● WORK TO COMPLETE:
All records are to be printed again exactly as they appear.

● TASK DATA:
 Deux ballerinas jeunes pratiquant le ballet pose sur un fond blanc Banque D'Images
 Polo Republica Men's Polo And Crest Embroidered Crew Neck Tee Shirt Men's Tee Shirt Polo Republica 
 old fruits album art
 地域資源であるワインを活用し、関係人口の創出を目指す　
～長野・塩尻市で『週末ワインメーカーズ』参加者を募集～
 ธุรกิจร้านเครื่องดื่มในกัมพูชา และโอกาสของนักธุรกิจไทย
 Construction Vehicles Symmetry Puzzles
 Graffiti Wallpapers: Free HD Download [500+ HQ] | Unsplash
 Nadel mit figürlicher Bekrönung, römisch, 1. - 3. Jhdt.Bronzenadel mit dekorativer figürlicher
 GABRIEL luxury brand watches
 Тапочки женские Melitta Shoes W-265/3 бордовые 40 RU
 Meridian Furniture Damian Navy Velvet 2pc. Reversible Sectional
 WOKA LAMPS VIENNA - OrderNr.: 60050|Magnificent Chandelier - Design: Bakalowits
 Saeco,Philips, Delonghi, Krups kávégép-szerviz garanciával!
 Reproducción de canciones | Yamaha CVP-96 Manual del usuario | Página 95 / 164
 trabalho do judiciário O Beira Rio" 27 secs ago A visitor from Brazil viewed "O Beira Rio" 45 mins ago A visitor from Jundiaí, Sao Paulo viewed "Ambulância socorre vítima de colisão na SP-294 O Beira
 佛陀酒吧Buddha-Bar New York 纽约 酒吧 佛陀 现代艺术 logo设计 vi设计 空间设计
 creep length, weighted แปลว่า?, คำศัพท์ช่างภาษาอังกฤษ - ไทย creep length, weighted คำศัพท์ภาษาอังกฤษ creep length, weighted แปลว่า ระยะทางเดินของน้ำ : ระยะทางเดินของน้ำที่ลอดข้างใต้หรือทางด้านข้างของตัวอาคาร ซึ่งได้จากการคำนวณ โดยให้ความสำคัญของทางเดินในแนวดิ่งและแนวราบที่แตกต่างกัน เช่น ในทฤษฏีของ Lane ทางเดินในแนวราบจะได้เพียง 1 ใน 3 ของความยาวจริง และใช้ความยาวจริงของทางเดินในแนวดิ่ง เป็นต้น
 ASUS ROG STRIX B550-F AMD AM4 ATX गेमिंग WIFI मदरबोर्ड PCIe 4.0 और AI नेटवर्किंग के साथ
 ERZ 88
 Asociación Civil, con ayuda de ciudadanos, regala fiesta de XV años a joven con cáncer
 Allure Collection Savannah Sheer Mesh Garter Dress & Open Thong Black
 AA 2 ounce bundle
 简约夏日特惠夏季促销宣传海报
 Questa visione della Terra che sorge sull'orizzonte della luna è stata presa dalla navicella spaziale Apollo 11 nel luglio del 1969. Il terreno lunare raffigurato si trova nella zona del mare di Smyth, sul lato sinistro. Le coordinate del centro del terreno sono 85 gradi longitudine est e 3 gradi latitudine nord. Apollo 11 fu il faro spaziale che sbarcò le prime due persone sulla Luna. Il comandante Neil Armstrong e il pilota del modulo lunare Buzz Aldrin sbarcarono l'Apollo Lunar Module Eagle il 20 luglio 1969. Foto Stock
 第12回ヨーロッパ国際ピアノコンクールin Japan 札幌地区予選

● RESPONSE:
 Deux ballerinas jeunes pratiquant le ballet pose sur un fond blanc Banque D'Images
 Polo Republica Men's Polo And Crest Embroidered Crew Neck Tee Shirt Men's Tee Shirt Polo Republica 
 old fruits album art
 地域資源であるワインを活用し、関係人口の創出を目指す　
～長野・塩尻市で『週末ワインメーカーズ』参加者を募集～
 ธุรกิจร้านเครื่องดื่มในกัมพูชา และโอกาสของนักธุรกิจไทย
 Construction Vehicles Symmetry Puzzles
 Graffiti Wallpapers: Free HD Download [500+ HQ] | Unsplash
 Nadel mit figürlicher Bekrönung, römisch, 1. - 3. Jhdt.Bronzenadel mit dekorativer figürlicher
 GABRIEL luxury brand watches
 Тапочки женские Melitta Shoes W-265/3 бордовые 40 RU
 Meridian Furniture Damian Navy Velvet 2pc. Reversible Sectional
 WOKA LAMPS VIENNA - OrderNr.: 60050|Magnificent Chandelier - Design: Bakalowits
 Saeco,Philips, Delonghi, Krups kávégép-szerviz garanciával!
 Reproducción de canciones | Yamaha CVP-96 Manual del usuario | Página 95 / 164
 trabalho do judiciário O Beira Rio" 27 secs ago A visitor from Brazil viewed "O Beira Rio" 45 mins ago A visitor from Jundiaí, Sao Paulo viewed "Ambulância socorre vítima de colisão na SP-294 O Beira
 佛陀酒吧Buddha-Bar New York 纽约 酒吧 佛陀 现代艺术 logo设计 vi设计 空间设计
 creep length, weighted แปลว่า?, คำศัพท์ช่างภาษาอังกฤษ - ไทย creep length, weighted คำศัพท์ภาษาอังกฤษ creep length, weighted แปลว่า ระยะทางเดินของน้ำ : ระยะทางเดินของน้ำที่ลอดข้างใต้หรือทางด้านข้างของตัวอาคาร ซึ่งได้จากการคำนวณ โดยให้ความสำคัญของทางเดินในแนวดิ่งและแนวราบที่แตกต่างกัน เช่น ในทฤษฏีของ Lane ทางเดินในแนวราบจะได้เพียง 1 ใน 3 ของความยาวจริง และใช้ความยาวจริงของทางเดินในแนวดิ่ง เป็นต้น
 ASUS ROG STRIX B550-F AMD AM4 ATX गेमिंग WIFI मदरबोर्ड PCIe 4.0 और AI नेटवर्किंग के साथ
 ERZ 88
 Asociación Civil, con ayuda de ciudadanos, regala fiesta de XV años a joven con cáncer
 Allure Collection Savannah Sheer Mesh Garter Dress & Open Thong Black
 AA 2 ounce bundle
 简约夏日特惠夏季促销宣传海报
 Questa visione della Terra che sorge sull'orizzonte della luna è stata presa dalla navicella spaziale Apollo 11 nel luglio del 1969. Il terreno lunare raffigurato si trova nella zona del mare di Smyth, sul lato sinistro. Le coordinate del centro del terreno sono 85 gradi longitudine est e 3 gradi latitudine nord. Apollo 11 fu il faro spaziale che sbarcò le prime due persone sulla Luna. Il comandante Neil Armstrong e il pilota del modulo lunare Buzz Aldrin sbarcarono l'Apollo Lunar Module Eagle il 20 luglio 1969. Foto Stock
 第12回ヨーロッパ国際ピアノコンクールin Japan 札幌地区予選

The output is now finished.